= Martin Semchuk =

Canadian politician

Martin Semchuk (August 20, 1914 – November 15, 2000) was a merchant and political figure in Saskatchewan. He represented Meadow Lake from 1960 to 1964 in the Legislative Assembly of Saskatchewan as a Co-operative Commonwealth Federation (CCF) member.

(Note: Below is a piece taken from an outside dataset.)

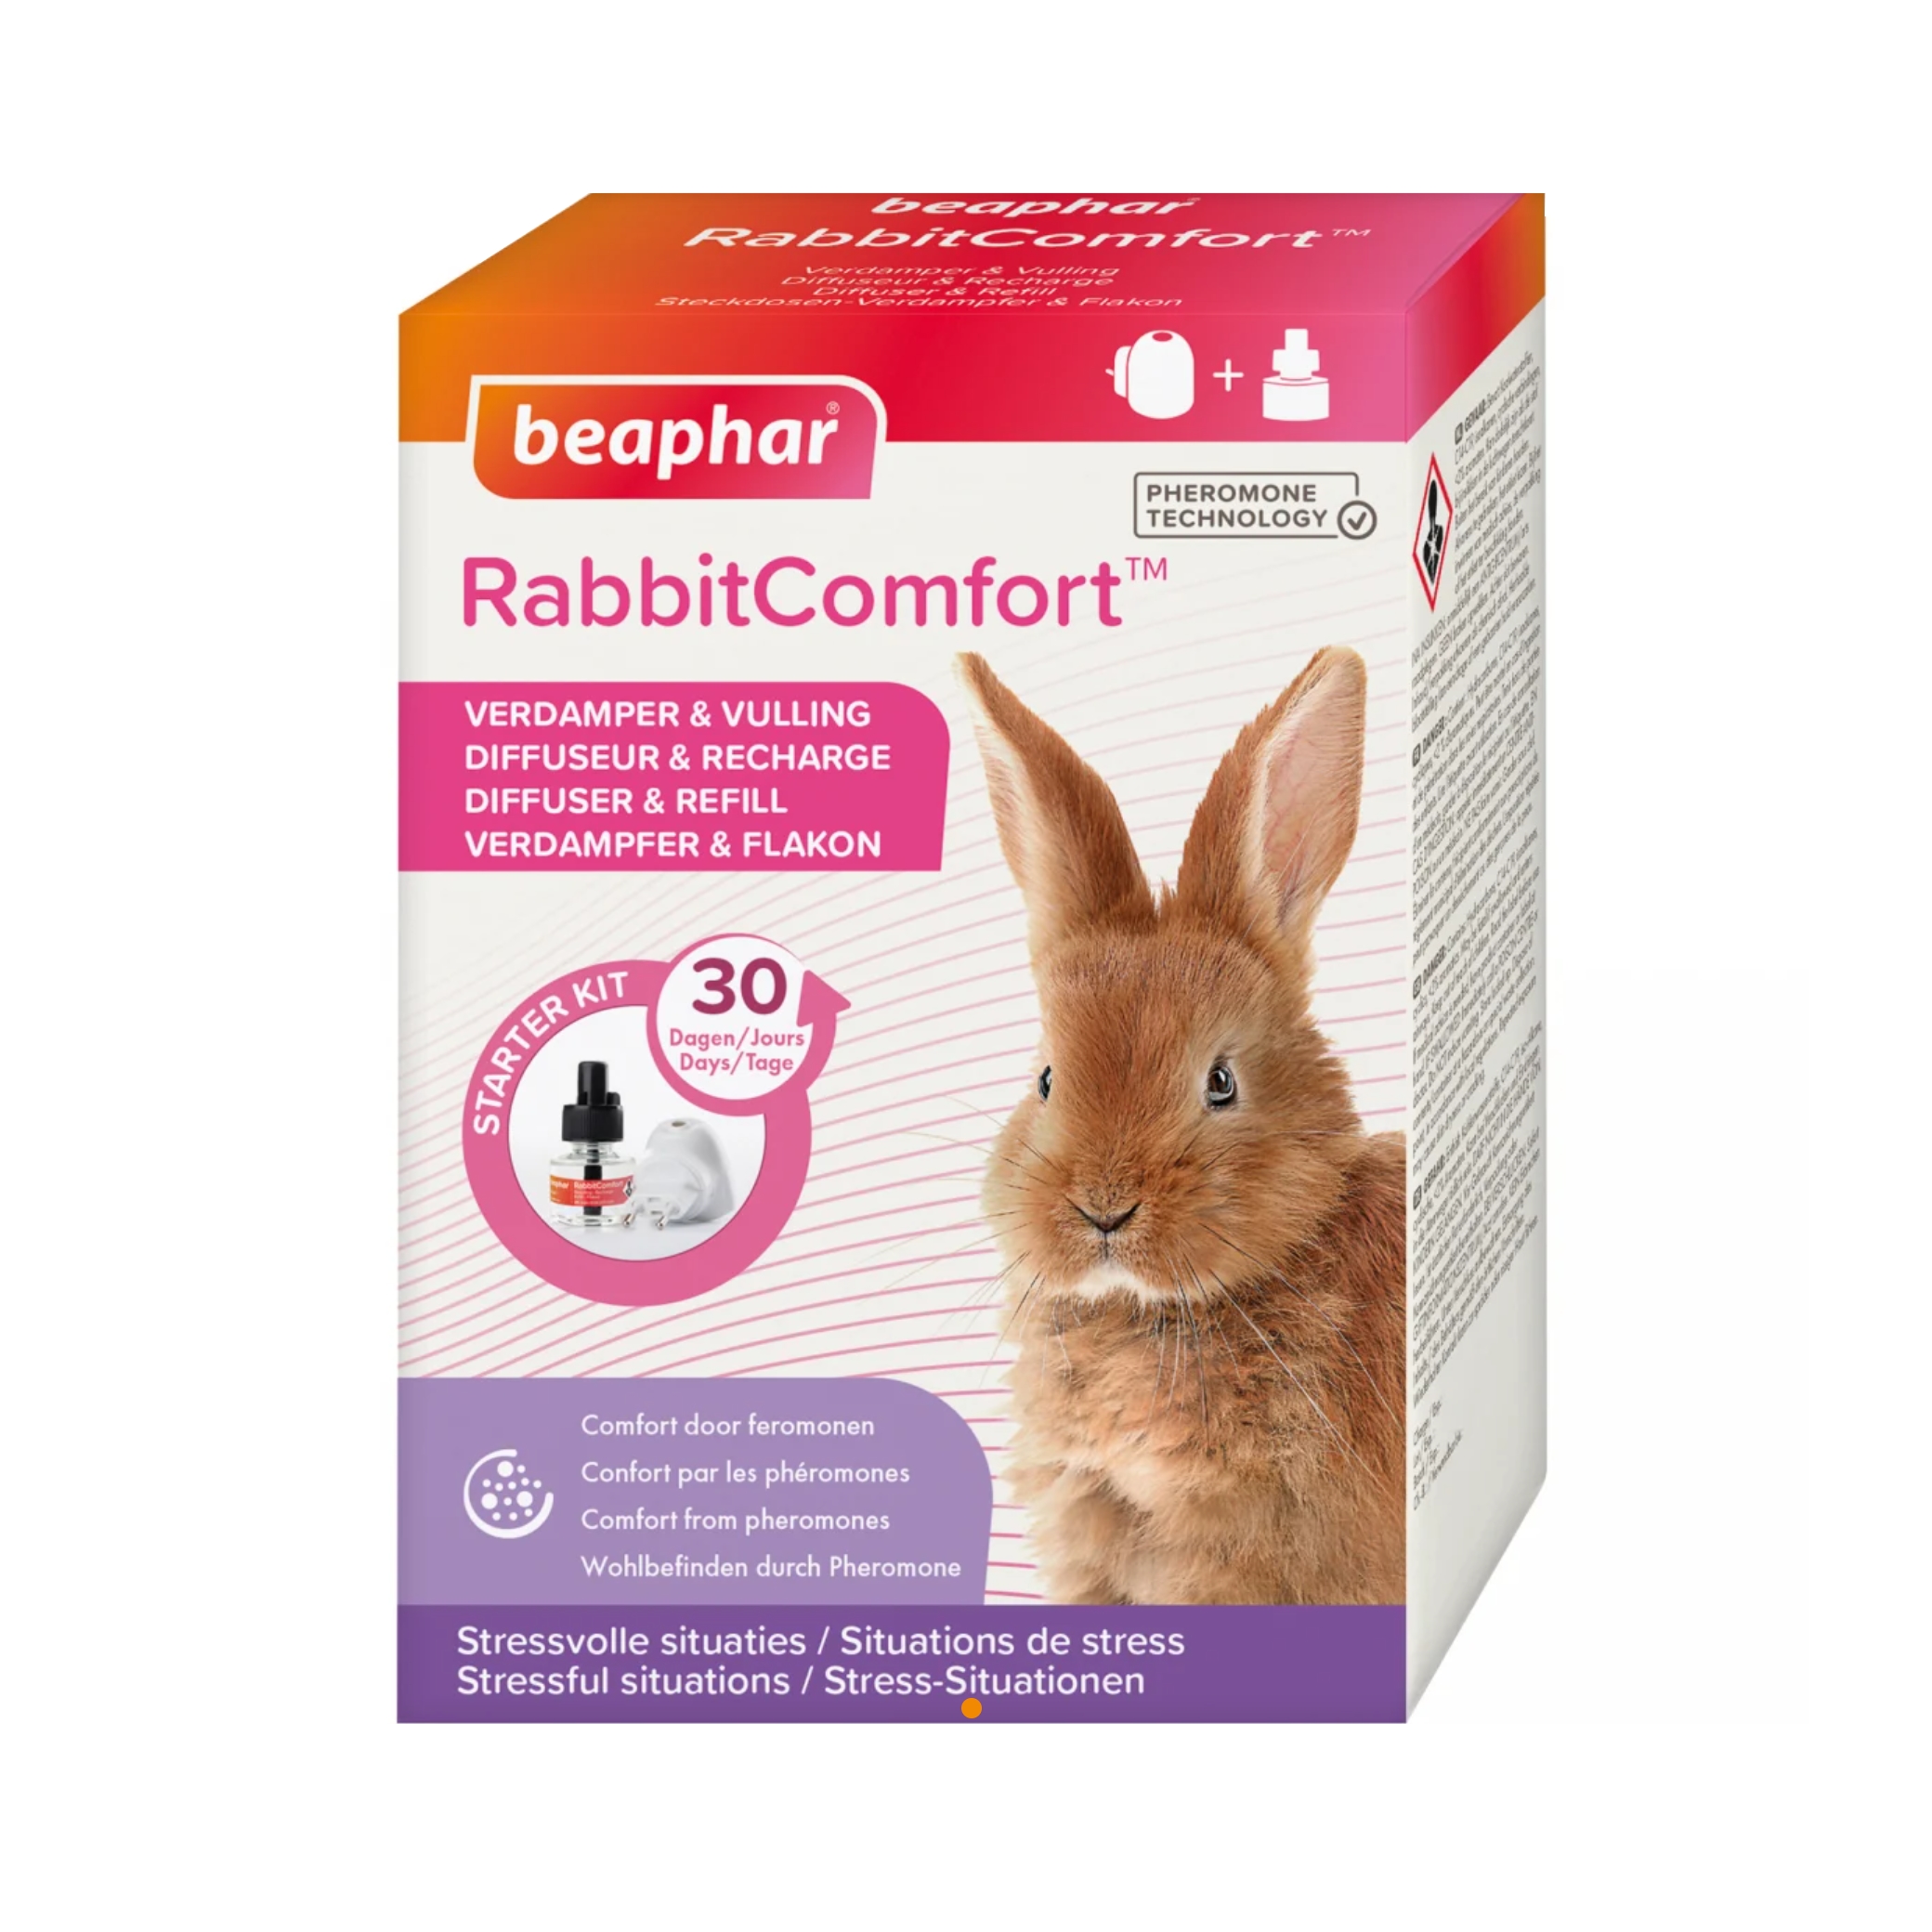 RabbitComfort
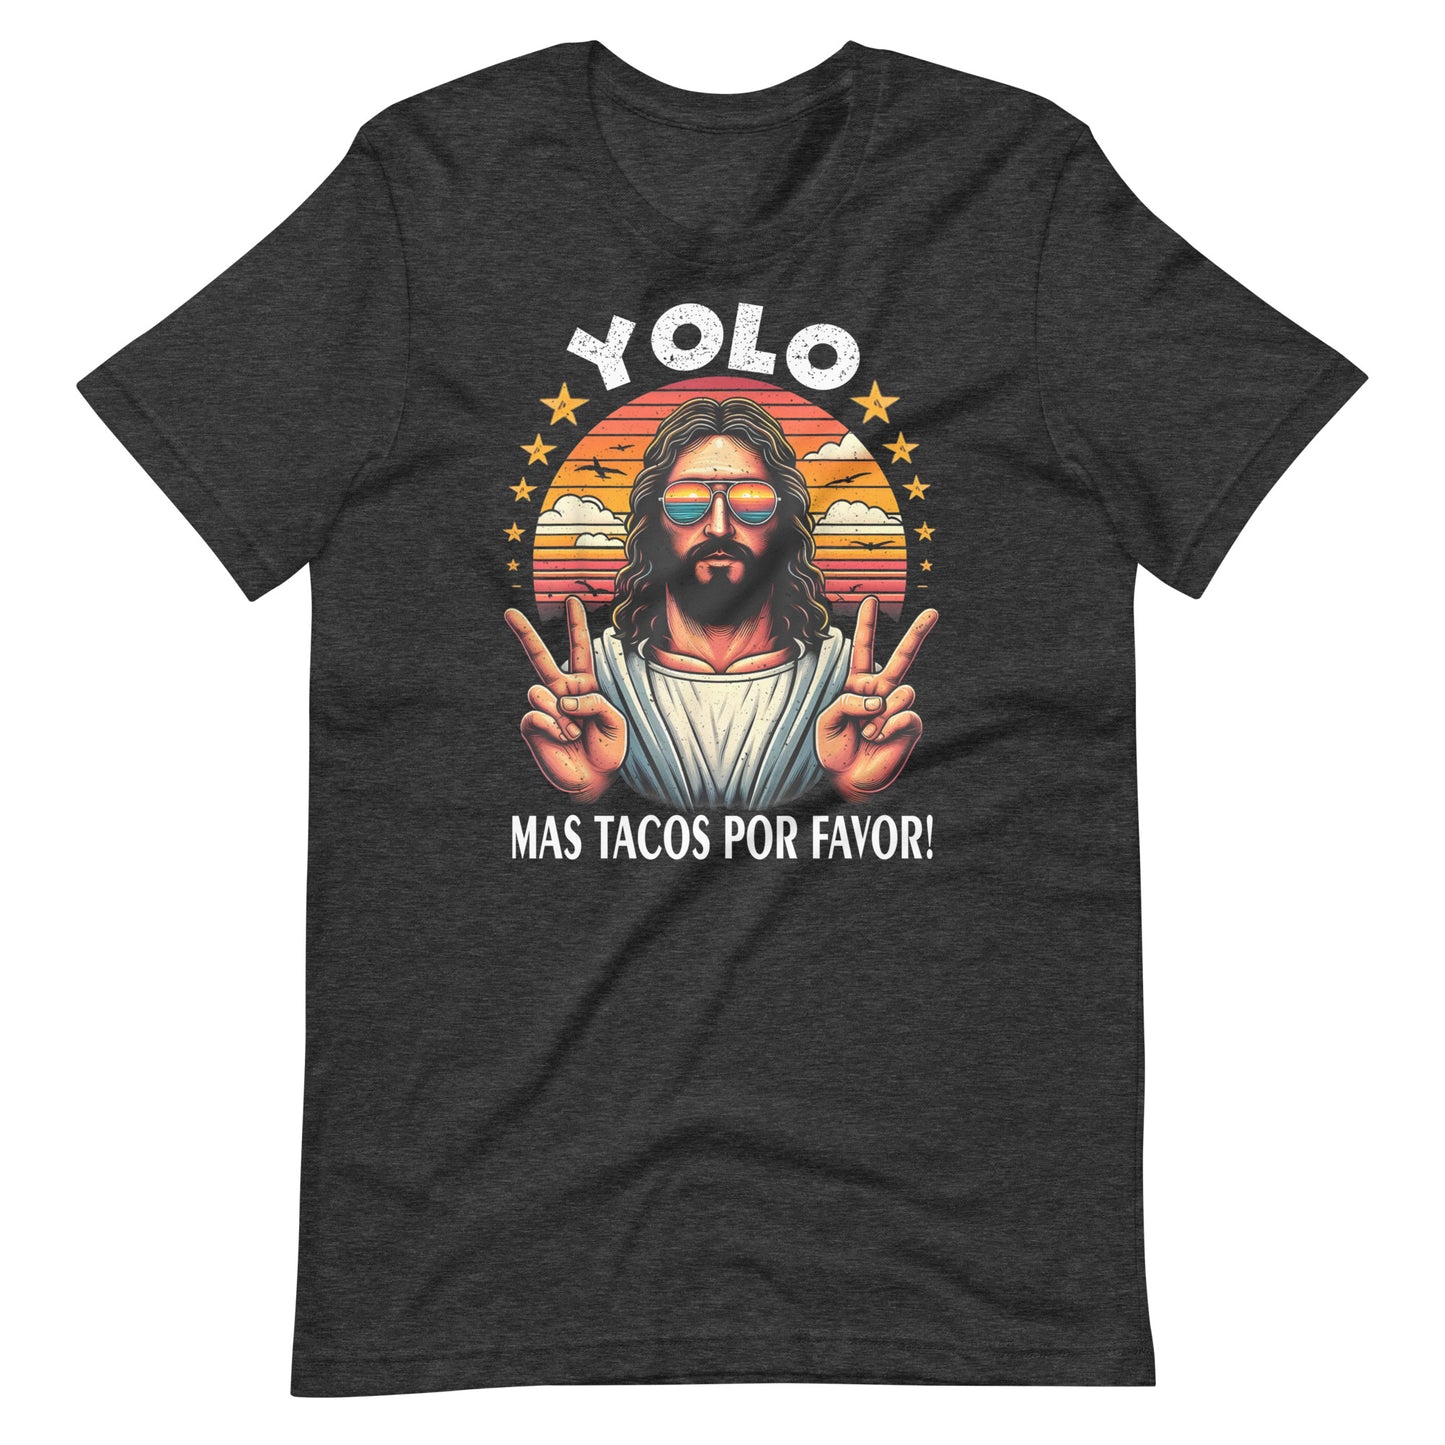 YOLO Mas Tacos Por Favor T-Shirt for Taco Lovers

He was born in Meath Park, Saskatchewan, the son of Bill Semchuk, and was educated in Prince Albert. In 1935, he married Josephine Mary Gerlowski. Semchuk was president of the Meadow Lake Board of Trade and was a director of the Saskatchewan Chamber of Commerce. He also helped create Meadow Lake Provincial Park. Semchuk operated a grocery store in Meadow Lake. He served in the provincial cabinet as Minister of Telephones, Minister of Public Health, Minister of Highways and Transportation and Minister of Industry and Commerce. He was defeated by Henry Coupland when he ran for reelection to the provincial assembly in 1964, and defeated again in 1967 after running as the NDP candidate. Semchuk later worked with the Saskatchewan Department of Natural Resources in Regina. In 1975, he retired to Kelowna, British Columbia. Semchuk died in Oliver, British Columbia at the age of 86.

Semchuk helped establish the first winter road to Uranium City during the 1950s. When a permanent road was established in 1980, it was named the Semchuk Trail in his honour.